Work request: Beginning with the line containing "Men 140041: *" and going on through the line containing "Converse All DAINTY", the lines below are to be returned exactly, pictures excluded and nothing added.
BEGIN Provided records
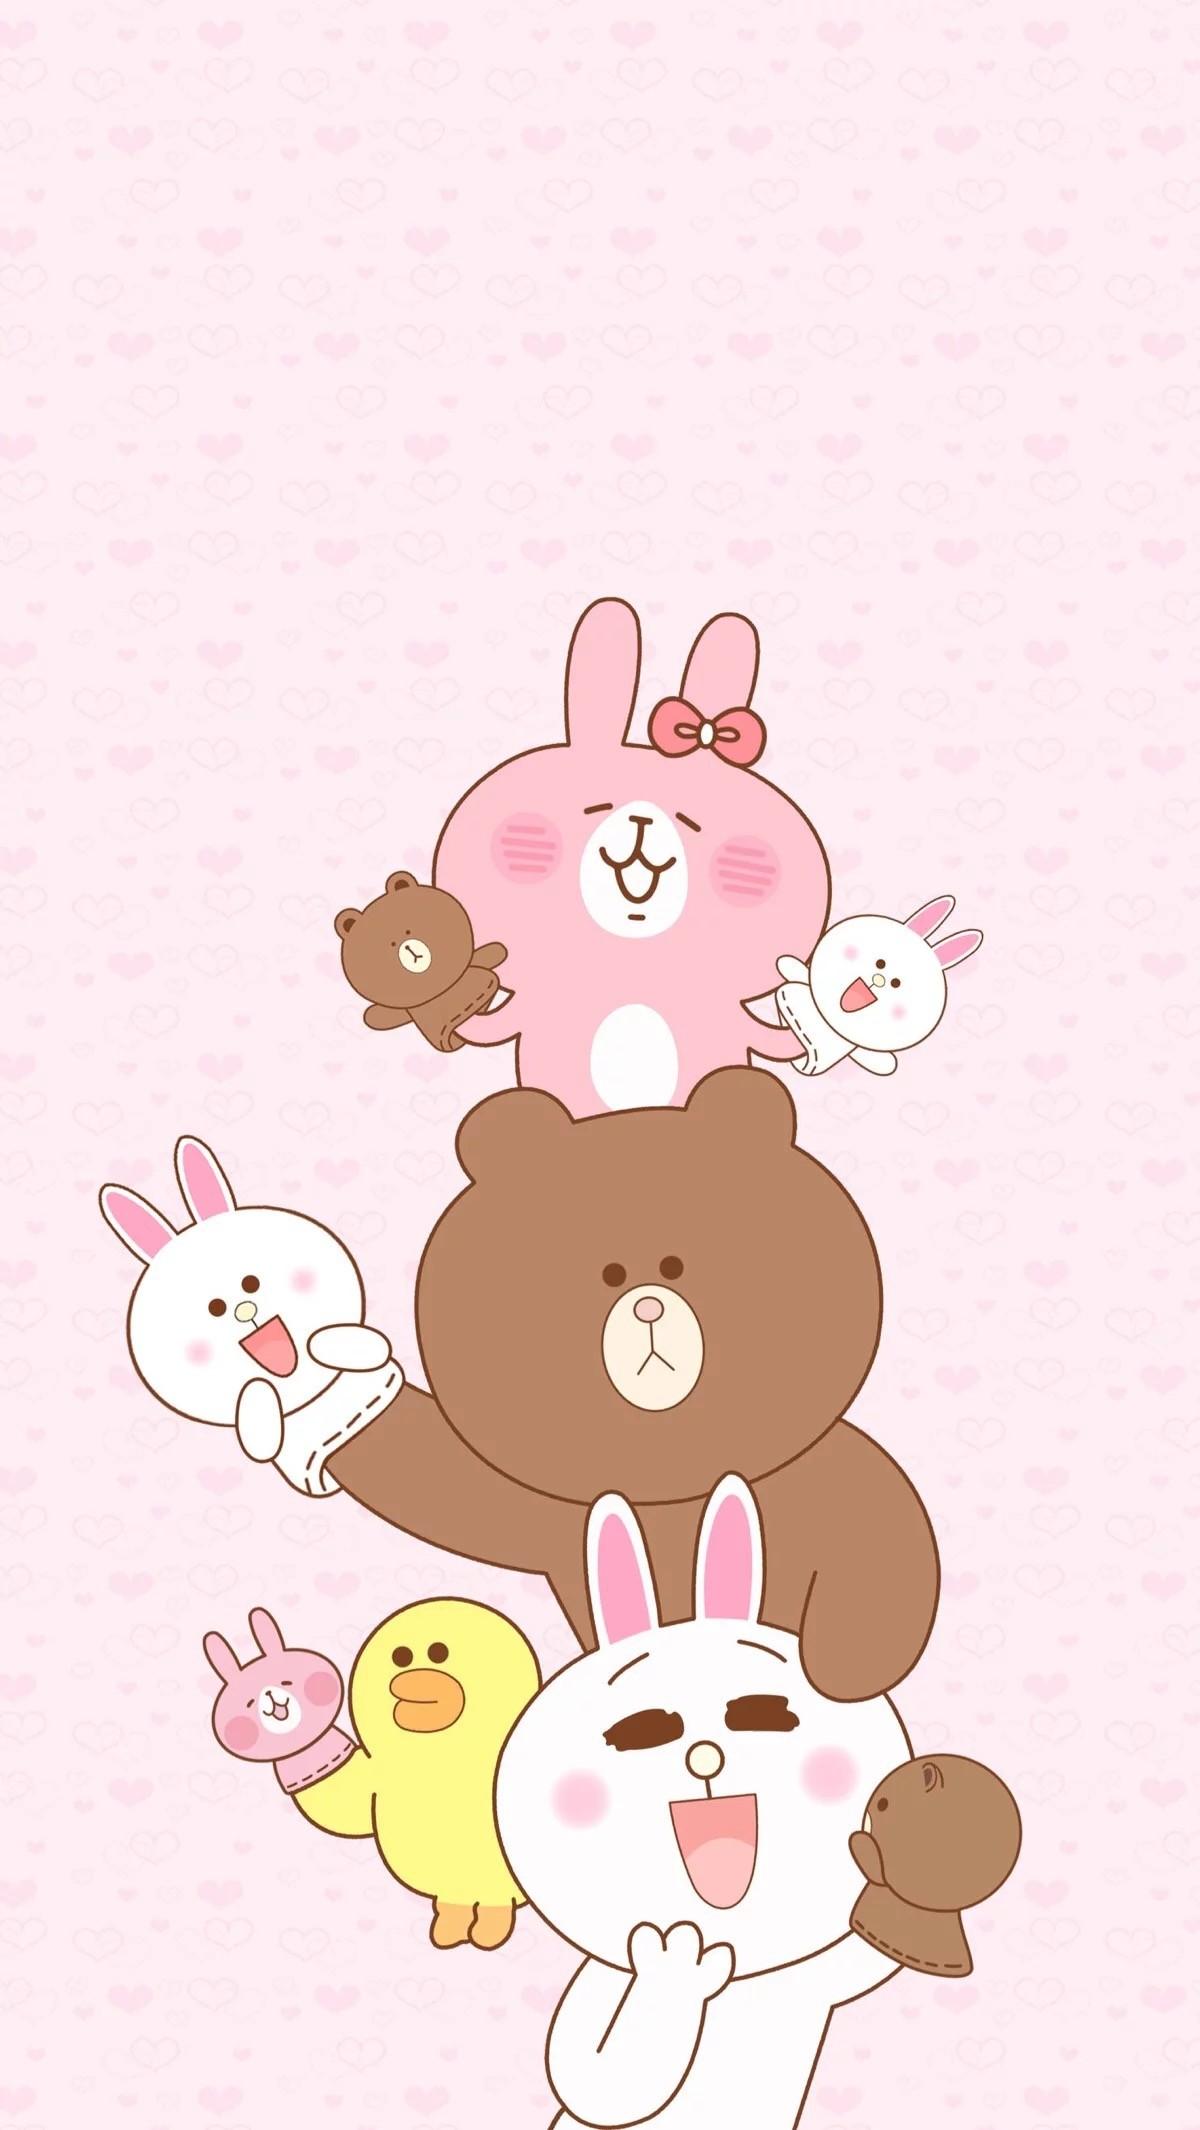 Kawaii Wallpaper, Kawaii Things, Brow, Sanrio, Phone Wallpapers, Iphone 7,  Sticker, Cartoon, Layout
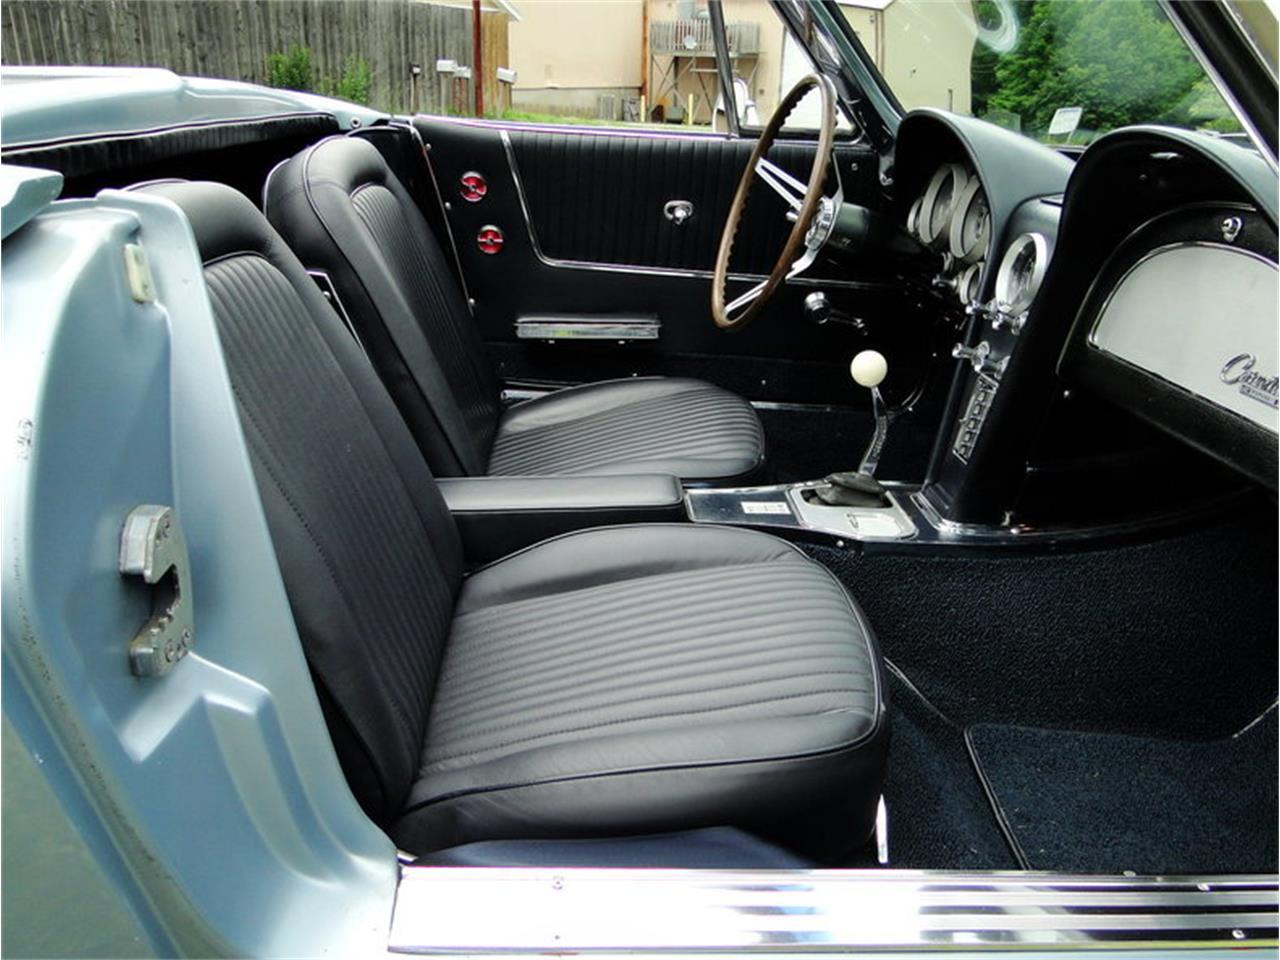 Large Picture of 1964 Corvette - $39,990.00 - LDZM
END Provided records
BEGIN Provided records
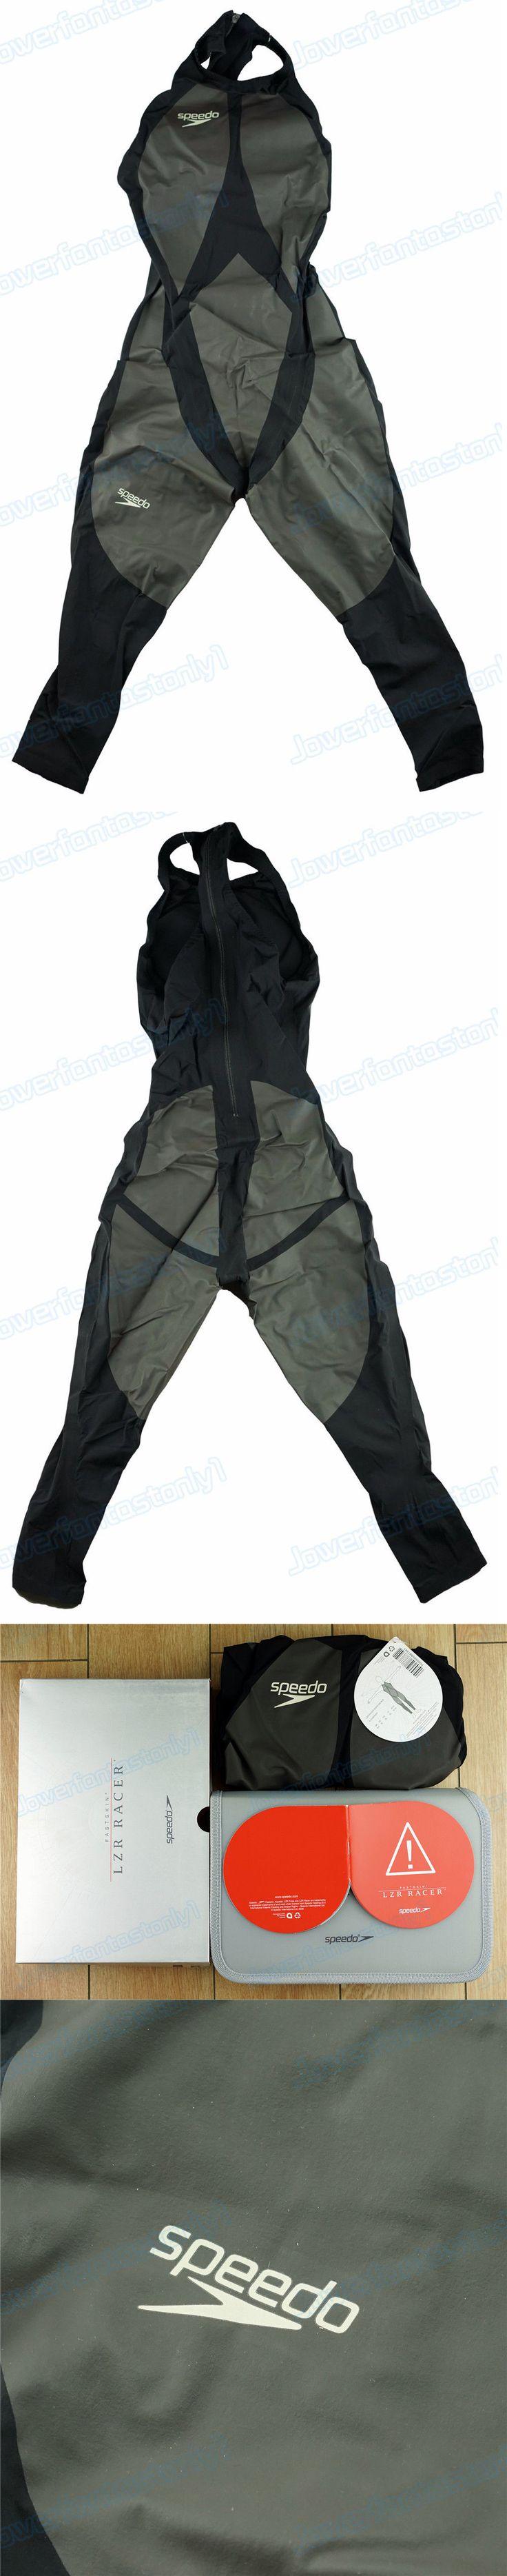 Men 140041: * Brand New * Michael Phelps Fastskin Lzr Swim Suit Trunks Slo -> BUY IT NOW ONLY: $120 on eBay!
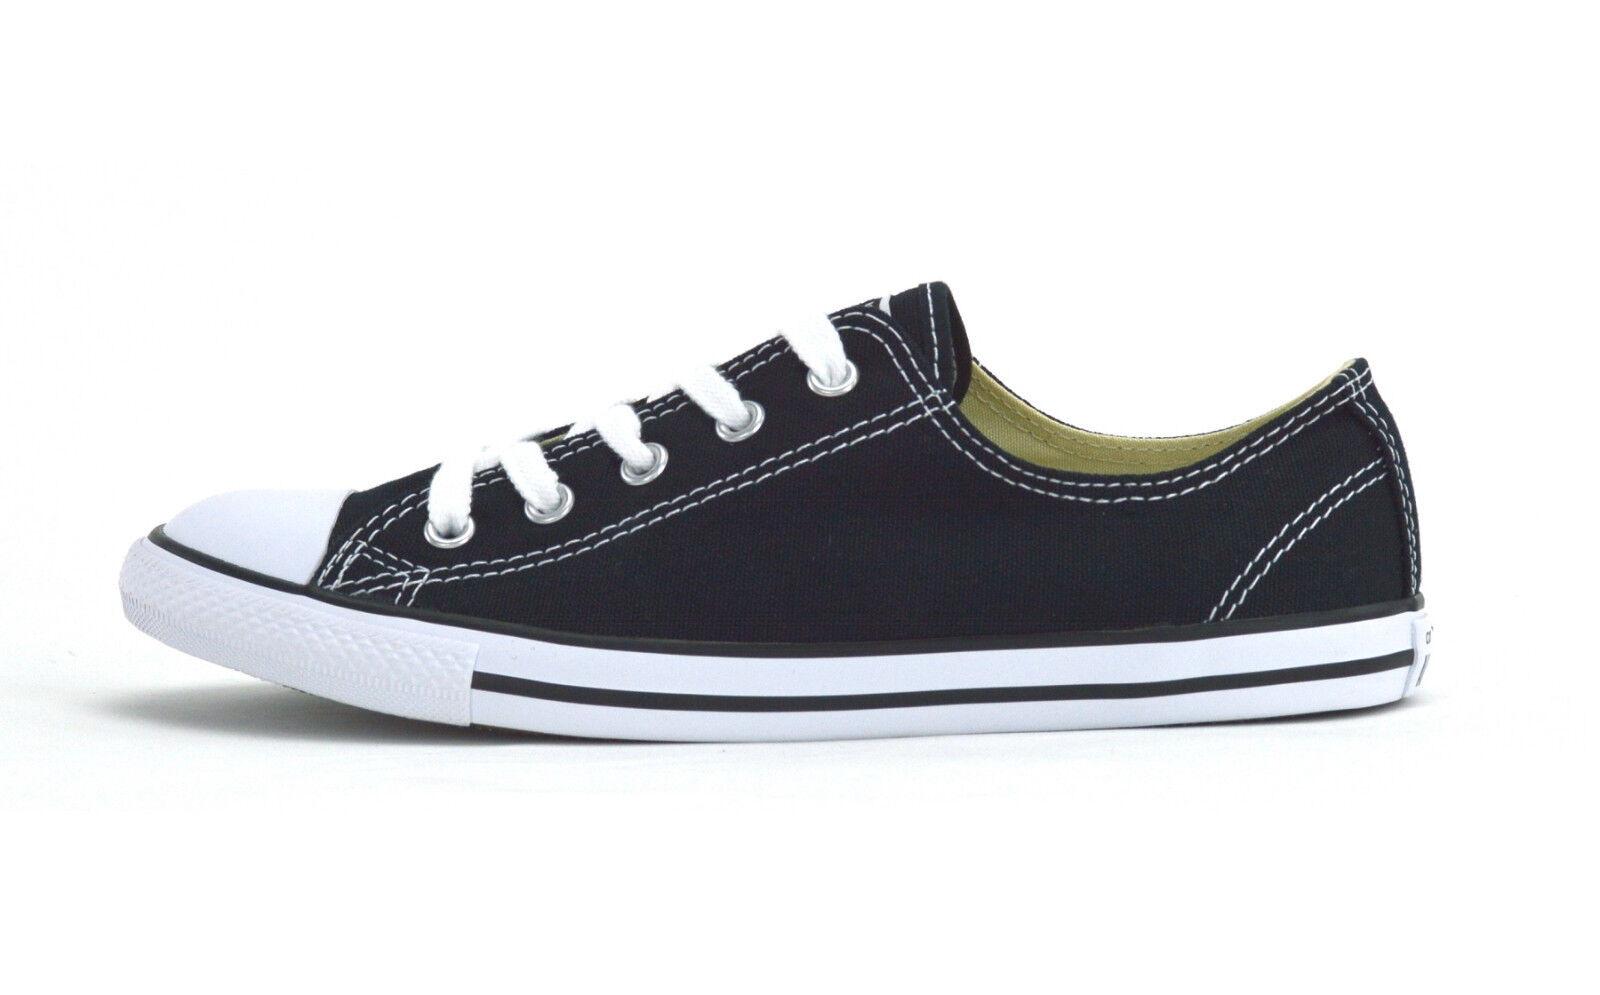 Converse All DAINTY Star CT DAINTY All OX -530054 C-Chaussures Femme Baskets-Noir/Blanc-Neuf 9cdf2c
END Provided records
Solution below:
 Men 140041: * Brand New * Michael Phelps Fastskin Lzr Swim Suit Trunks Slo -> BUY IT NOW ONLY: $120 on eBay!
 Converse All DAINTY Star CT DAINTY All OX -530054 C-Chaussures Femme Baskets-Noir/Blanc-Neuf 9cdf2c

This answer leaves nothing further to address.